Melbourne has more than 100,000 vacant home, a new study has revealed, and suburbs with large Chinese populations are among those with the most empty properties.
Prosper Australia’s 11th Speculative Vacancy report used water meter data to examine the extent of unoccupied housing, and found that in 2023 27,403 dwellings in metropolitan Melbourne were completely empty (1.5% of the total), and almost 100,000 (5.2%) were either empty or barely used.
The top five postcodes by zero-use vacancy in 2023 were Burwood, Box Hill, Malvern, Hawthorn and Glen Waverley, while the top Local Government Areas for low and zero-use vacancy rates were Melbourne, Whitehorse, Yarra, Boroondara and Merri-bek.
According to the 2021 Census, 39% of the Box Hill population had Chinese ancestry, along with 38% of Glen Waverley, 25,5% of Burwood, and 9.2% of Hawthorn.
The Melbourne LGA, which had the fastest growth in vacancy, had a Chinese population of 23%. Whitehorse is 26.2% Chinese, and Boroondara is 18.2%.
Prosper Australia Director of Research and Policy Dr Tim Helm said: “We found that over 27,000 homes, or 1.5% of all dwellings, were left entirely empty for the entire year of 2023.
“With the inclusion of under-used homes recording less than a quarter of the average single-person consumption over the year, a total of almost 100,000 homes, or one in 20 dwellings across the city, were vacant.
“That’s equivalent to two and a half years of new construction, which is enough to house everyone on the Victorian public housing waitlist twice over.

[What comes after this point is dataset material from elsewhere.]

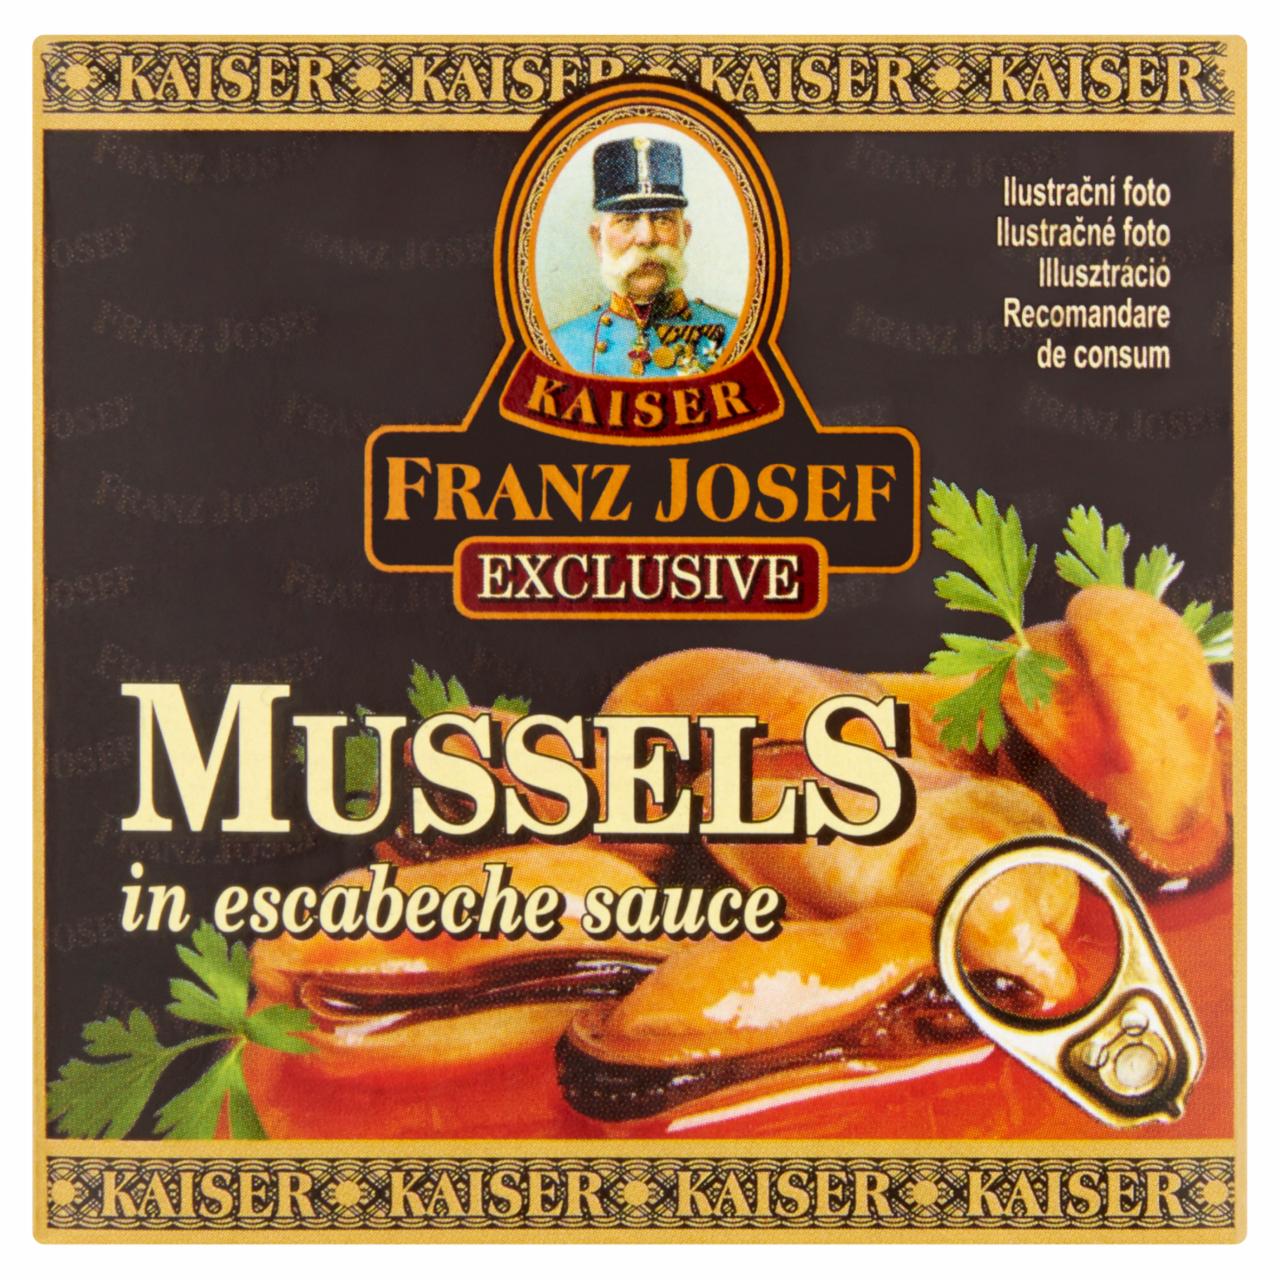 Képek - Kaiser Franz Josef Exclusive kagyló escabeche szószban 80 g
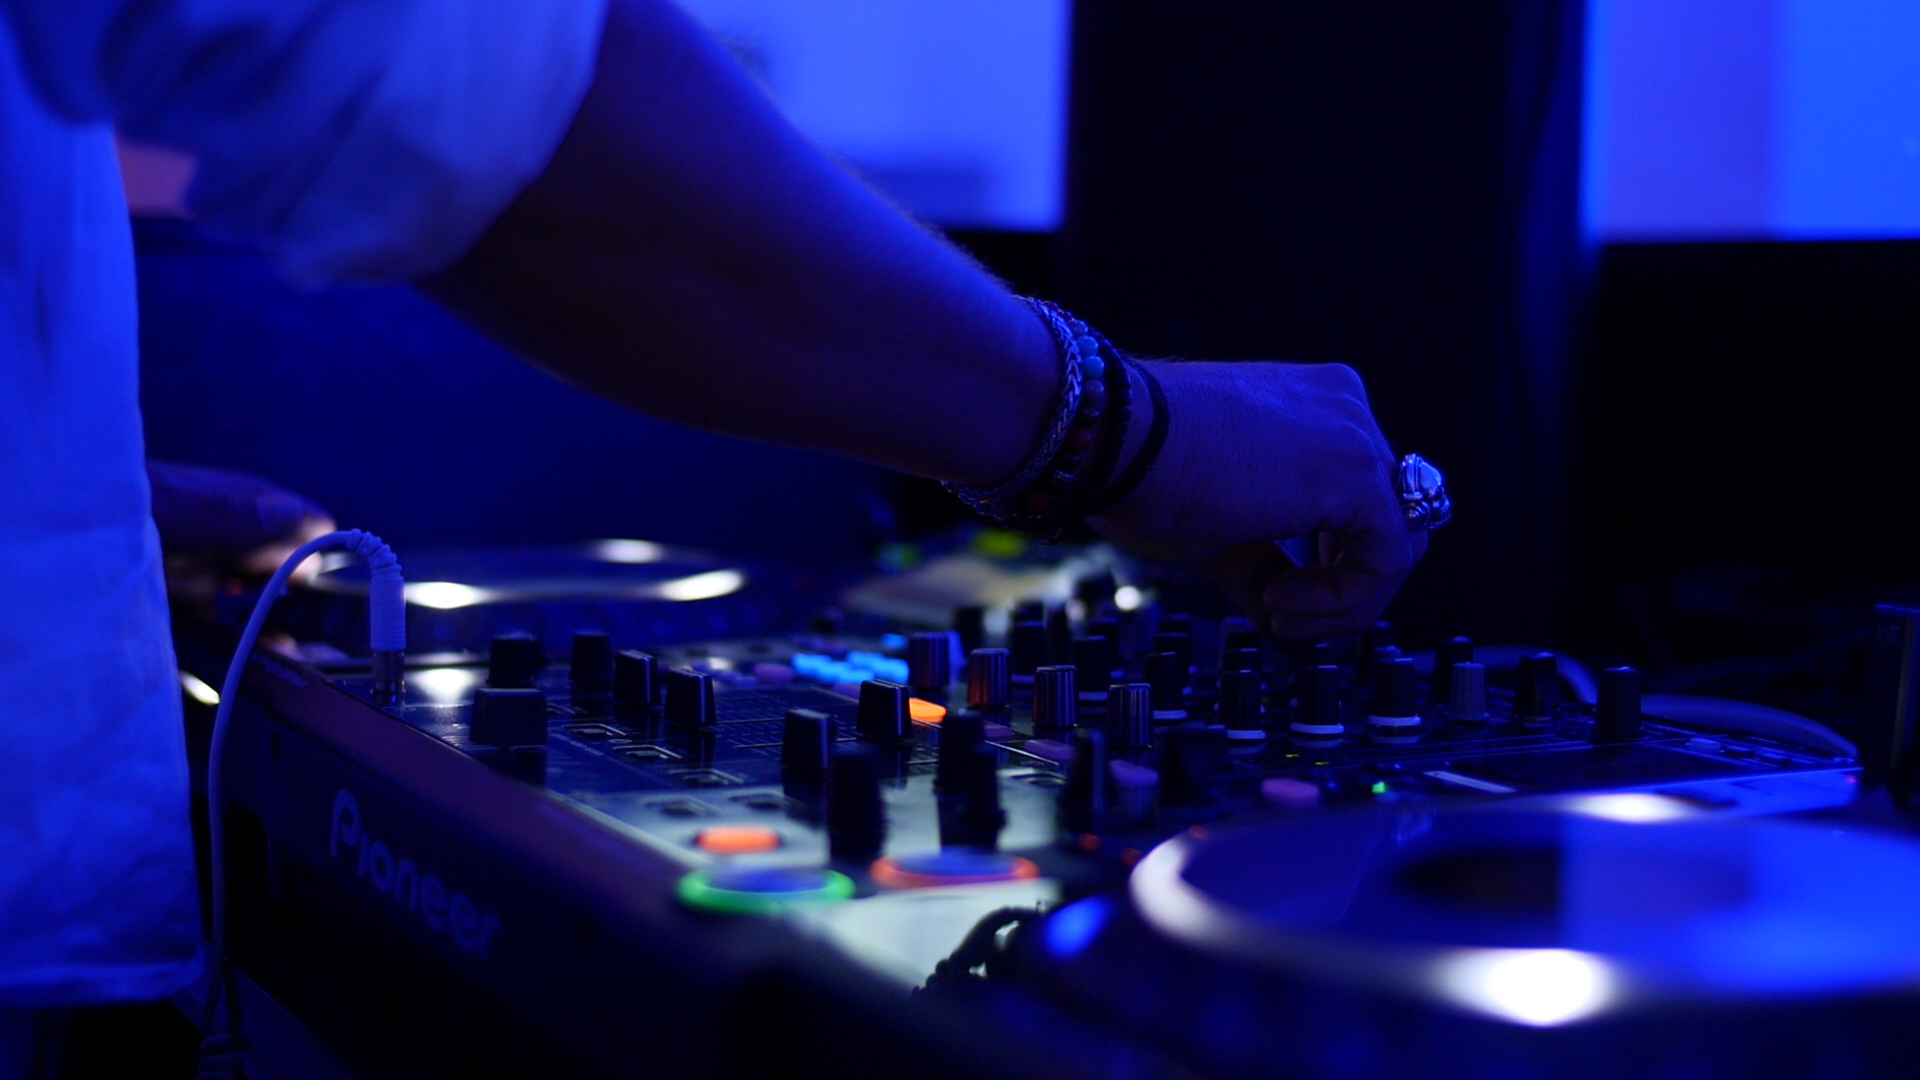 Man sieht ein DJ-Pult und die Hände des DJs bei Party-Beleuchtung

It is a shocking waste that so many homes are left empty during a rental crisis, and it speaks to the state of inequality that these numbers keep rising.
“But we also need to recognise that it’s a predictable result of a tax system that prioritises speculative asset incomes over rental yield. Under-taxing capital gains and over-taxing productive activity enables this. It’s not surprising that so many investors prefer the flexibility of an empty property.”
Prosper’s study looked into unoccupied housing in Melbourne from 2019 to 2023, and found that long-term vacancy rates jumped more than 50% through to 2021, remaining elevated even in 2022.
“Our research shows that for every five homes built between 2019 and 2021, two more homes were added to the vacant stock and left unoccupied for a year or more.”
Last month a Foreign Investment Review Board (FIRB) revealed that foreign real estate investments worth $1.9 billion were approved in the last quarter of 2023 alone, with the bulk of purchasers from China, despite the vast majority of Australians being in favour of the government putting heavier restrictions on Chinese buyers.
Of the 1,580 approved proposals, $800 million of investment came from China, and $100 million each from India, Hong Kong, Taiwan and Vietnam.
A poll from earlier that month by the University of Technology Sydney’s Australia-China Relations Institute found that 83% of Australians believe the country should “restrict the amount of investment in residential real estate that is permitted from Chinese investors”.
80% agreed that foreign buyers from China drive up real estate prices, and 74% said Chinese investors have negatively affected the rental market.
Australian Bureau of Statistics data releaed in April showed that Australia’s Chinese-born population (not including Hong Kong, Macau or Taiwan) went from 432,400 and 1.9% of the population in 2013, to 655,760 and 2.5% in 2023.